▶ **TASK BRIEF**: Set the data below down again, exactly, with every picture left out.

▶ **DATA EXTRACT**:
[Start of Attachment]

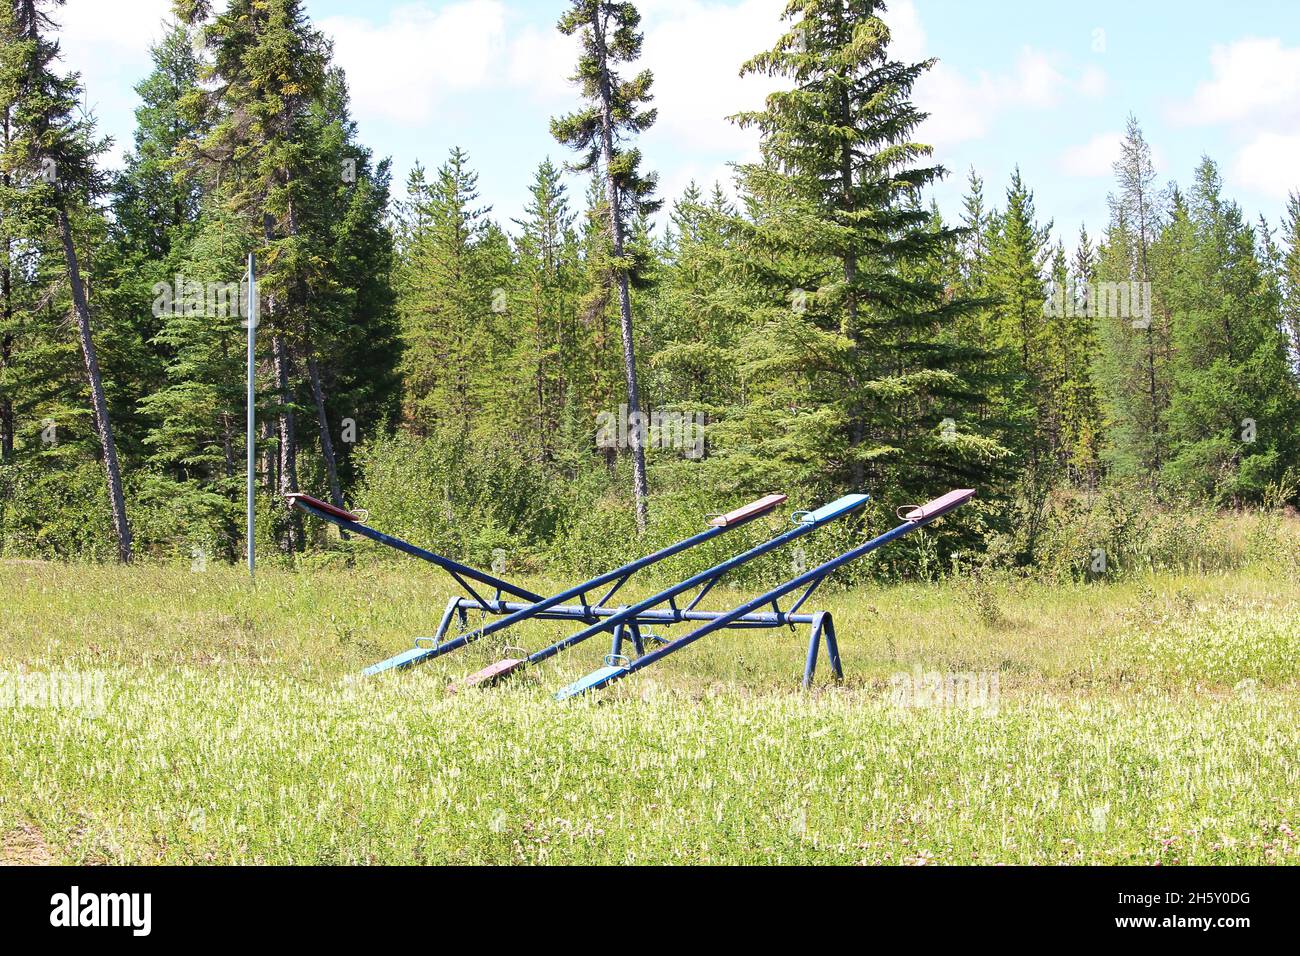 An old teeter totter sits alone in a field Stock Photo
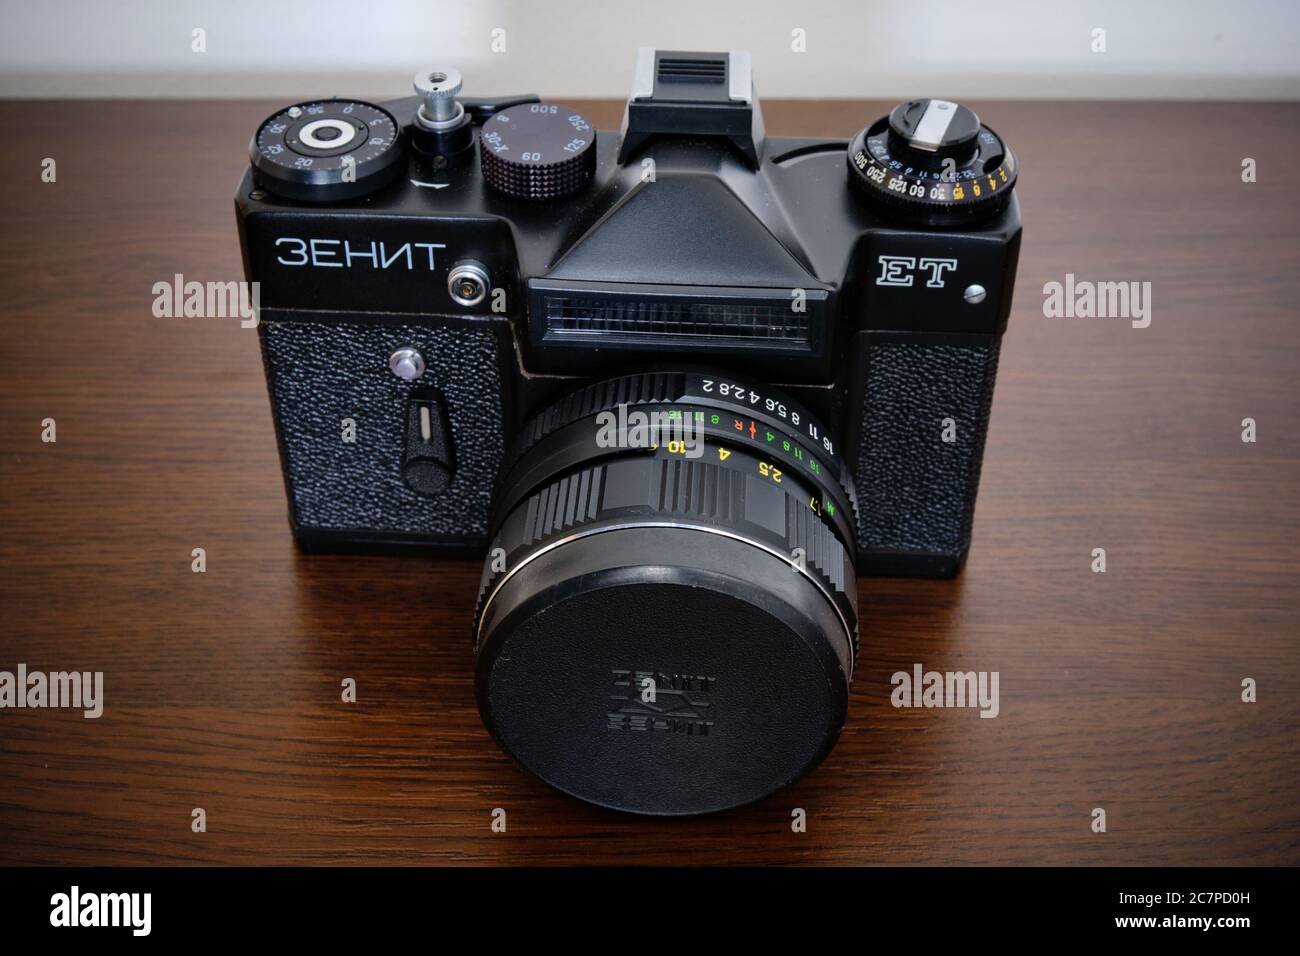 Moscow / Russia - January 1, 2020: Old Soviet analog 35 mm SLR film camera Zenit ET, with Helios 44M-4 58 mm lens Stock Photo
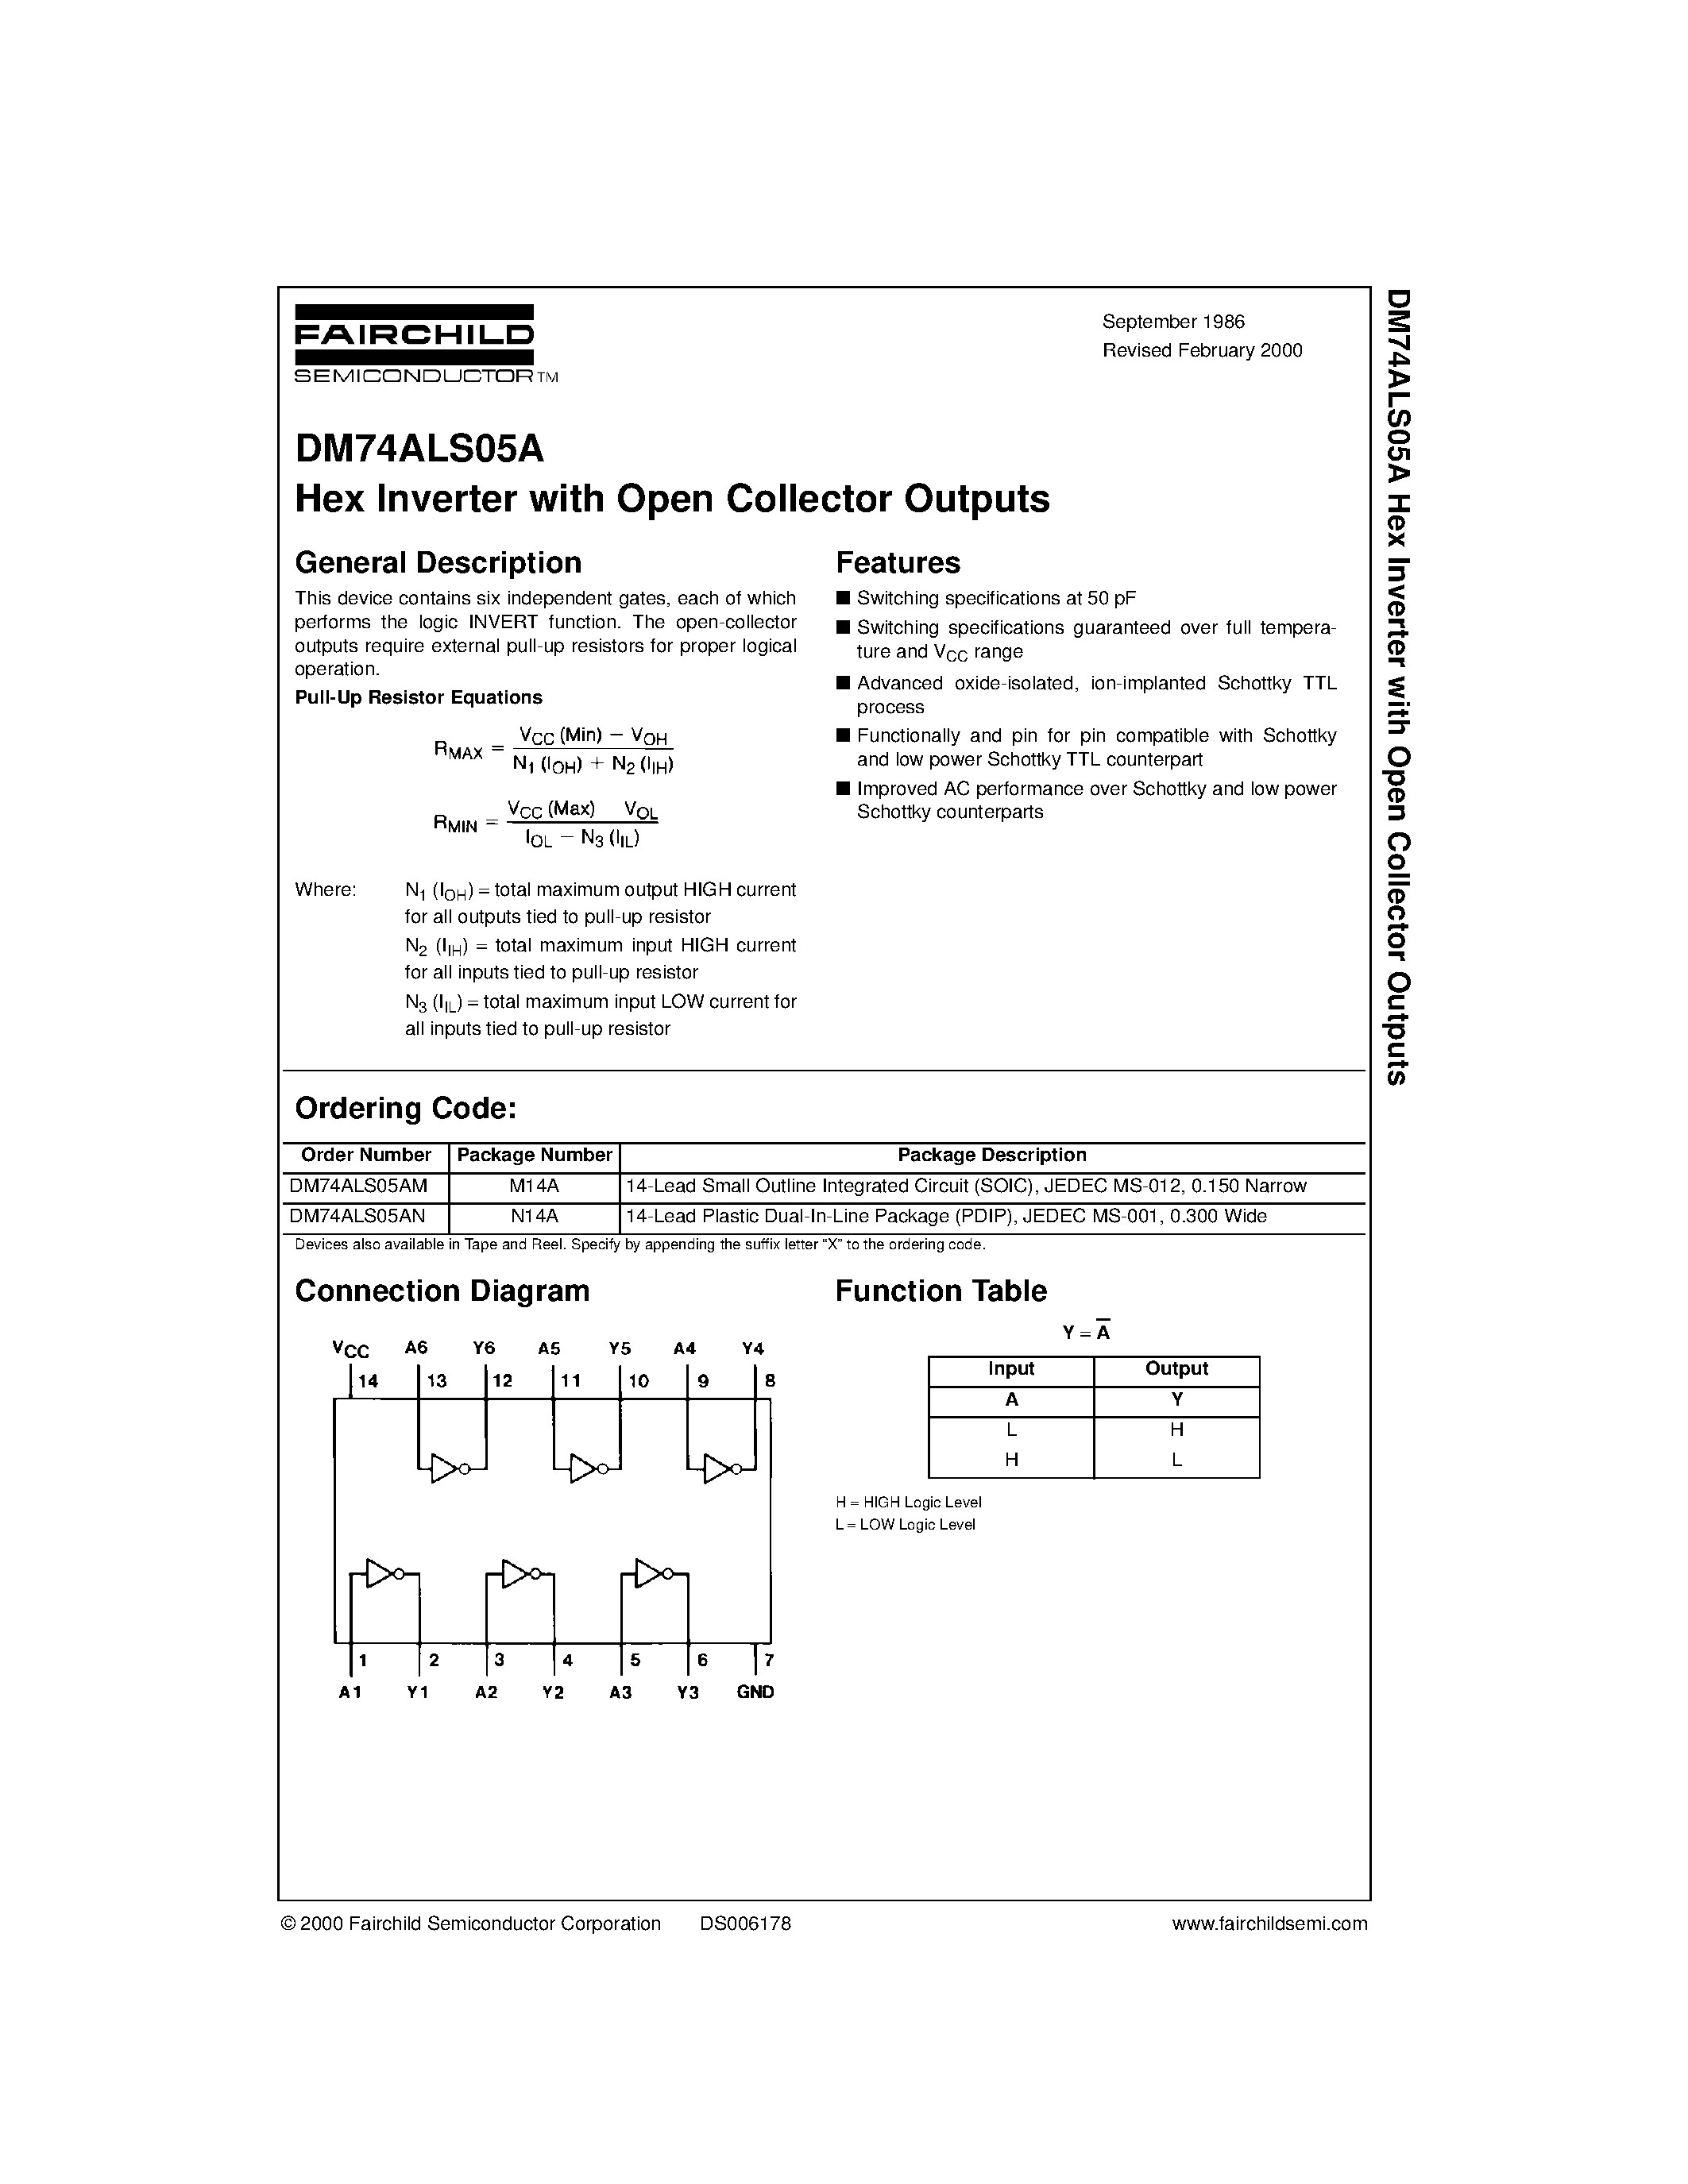 Datasheet DM74ALS05 - Hex Inverter with Open Collector Outputs page 1

[End of Attachment]

▶ **OUTPUT FOR THIS TASK**:
 An old teeter totter sits alone in a field Stock Photo
 Moscow / Russia - January 1, 2020: Old Soviet analog 35 mm SLR film camera Zenit ET, with Helios 44M-4 58 mm lens Stock Photo
 Datasheet DM74ALS05 - Hex Inverter with Open Collector Outputs page 1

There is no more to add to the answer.